For those that might be unaware that at a university there are all kinds of employees; some are represented by a Union, and some are not. For instance, faculty and coaches at West Chester University are represented by the Association of Pennsylvania State College and University Faculties (APSCUF). As well, many within Student Affairs such as many assistant directors and associate directors across campus offices or departments are represented through State College and University Professional Association (SCUPA). Whereas others at the university such as the directors of various offices on campus aren’t represented by a union. In addition, there are Graduate Assistants within these offices or elsewhere throughout the university who are unrepresented.

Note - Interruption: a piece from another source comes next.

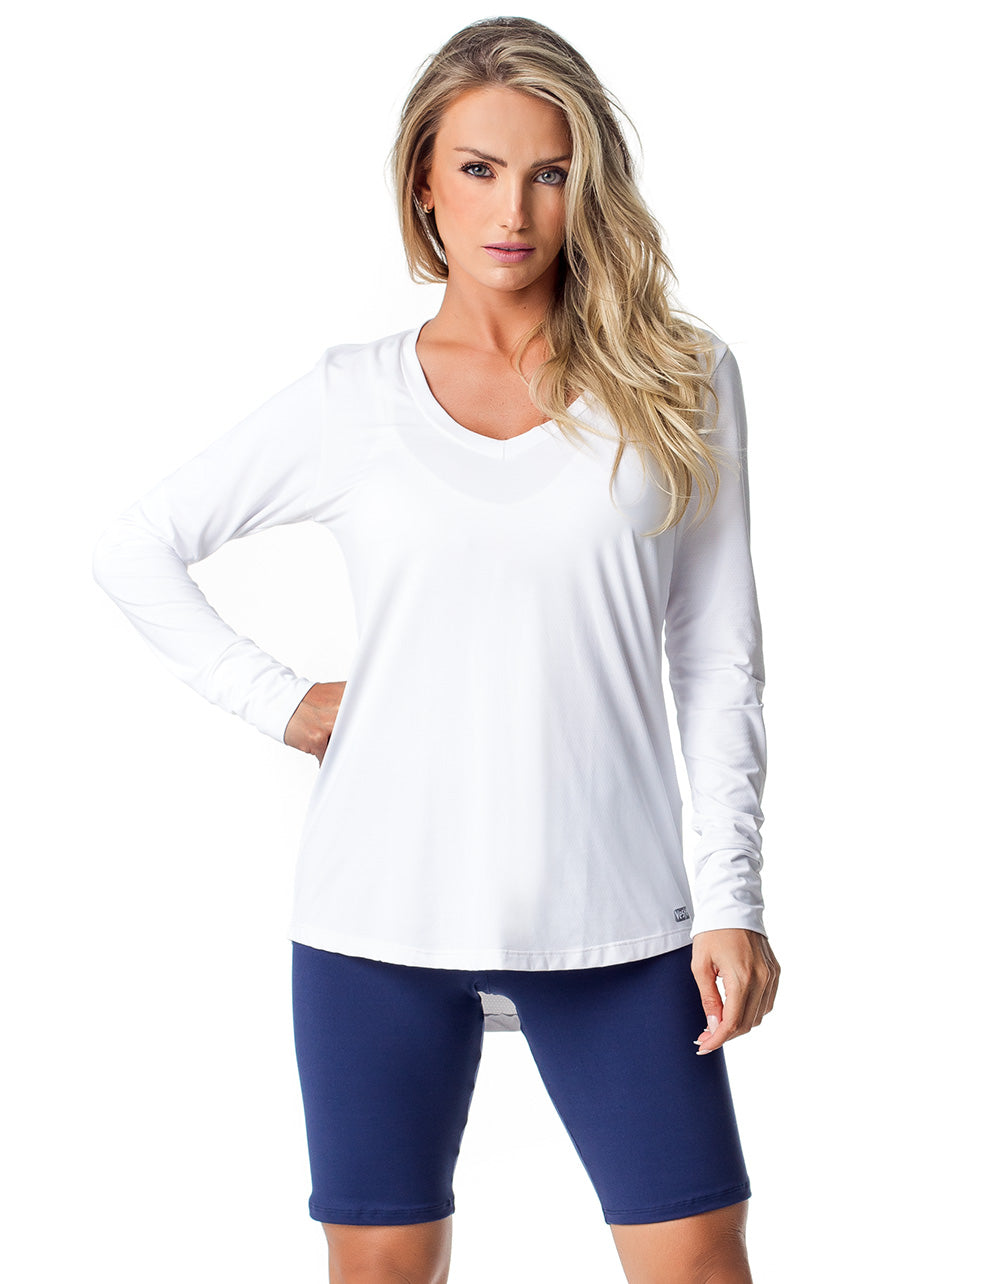 Vestem - Dry Fit Long Sleeve Shirt Janice White - BML16C0001

Dr. Bernotsky stated specifically that they would be “trying to apply those dollars in strategic ways all the way through the ranks of our non-represented meaning our non-union employees.” 

Many Graduate Assistants do wonder if that means us. Are we seen as key people within the university? Will we be receiving any raises for the work we do to support students, faculty, staff and the university community?

Currently a Graduate Assistant who has a 15-hour contract is provided a tuition waiver and a stipend, which is what the University would claim as the total compensation package. Then, a 15-hour contract would provide total compensation of $13,038. However, what isn’t included are the fees which must be paid to use the services or to take classes within the university. That takes that down to $9,936.20 as supposed total compensation before taxes. A Graduate Assistant taking nine credits with that 15-hour contract might only see $684 guaranteed at the end of the year.

Remember this is for a 15-hour a week job, meaning you likely need to get another part time job. Many times, it is impossible for someone with multiple part time jobs to receive or afford health insurance. This is the case for one Graduate Assistant I  know that is not on their parent’s health insurance. And not to mention it can be difficult to find a part-time job that can fit with your Graduate Assistantship, classes and other life responsibilities.

I’d encourage West Chester University to make sure that Graduate Assistants are valued as critical employees, and not valued as the Chancellor of the Pennsylvania State System of Higher Education (PASSHE) said at a recent public hearing.